MarcoB · December 17, 2024, 9:35pm

Yes I know and I’m honored!!

One disadvantage for now is that the streamed data is all saved in memory, so continuous streaming is not possible at the moment.

Callmephil · December 20, 2024, 10:30am

I just discovered https://livekit.io/ just in case someone is more inclined to use a third party. I’m looking forward to seeing an Opus implementation for streaming less data

gh-pap · January 12, 2025, 3:59pm

I’m developing a flutter multi-client (including Windows) app using the OpenAI realtime API which is all straightforward except for playing streaming audio which I’ve been stuck on all day (ok, longer haha).
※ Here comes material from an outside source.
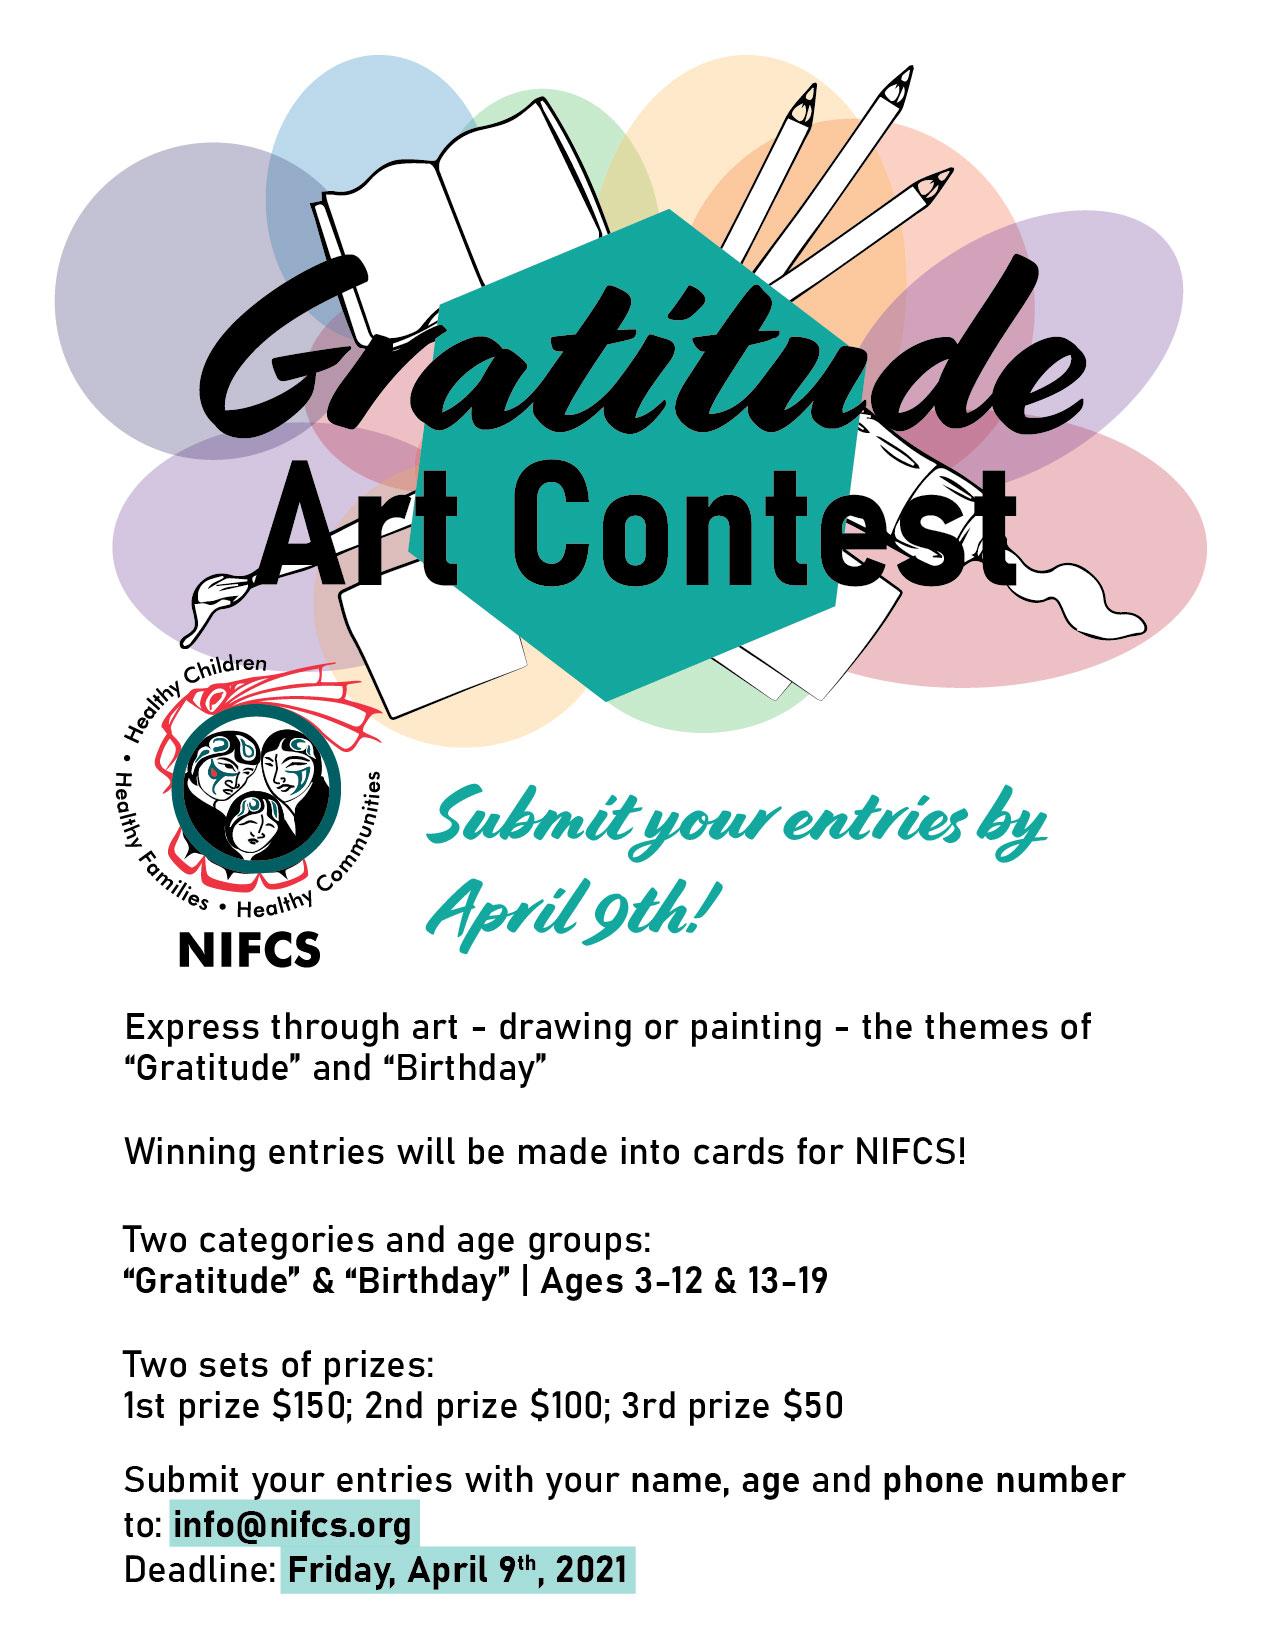 Attitude of Gratitude Art Contest with NIFCS

I was so excited by this thread until @MarcoB says this:
“so continuous streaming is not possible at the moment”

was wondering if that’s still the status and, if so, whether anyone on this thread knows of other plugins or has other ideas (the Windows requirement is the real struggle). Any help appreciated!

MarcoB · January 12, 2025, 4:53pm

I would like to correct and elaborate on what I wrote. Continuous streaming is possible as long as there is memory for that received audio data. This means that if the player is initialized with a sample rate of 24KHz, every minute will take about 300 MB.

So for now the received audio can be listened many times and possibly disposed to start with a new audio.

Later perhaps it will be possible to discard the audio data already listened to free up the memory of the part already listened to.

Lastly, the Opus format with the Ogg codec (the one supported by OpenAI), is already available for all platforms except for web which is in WIP (in the opus branch of flutter_soloud in this PR).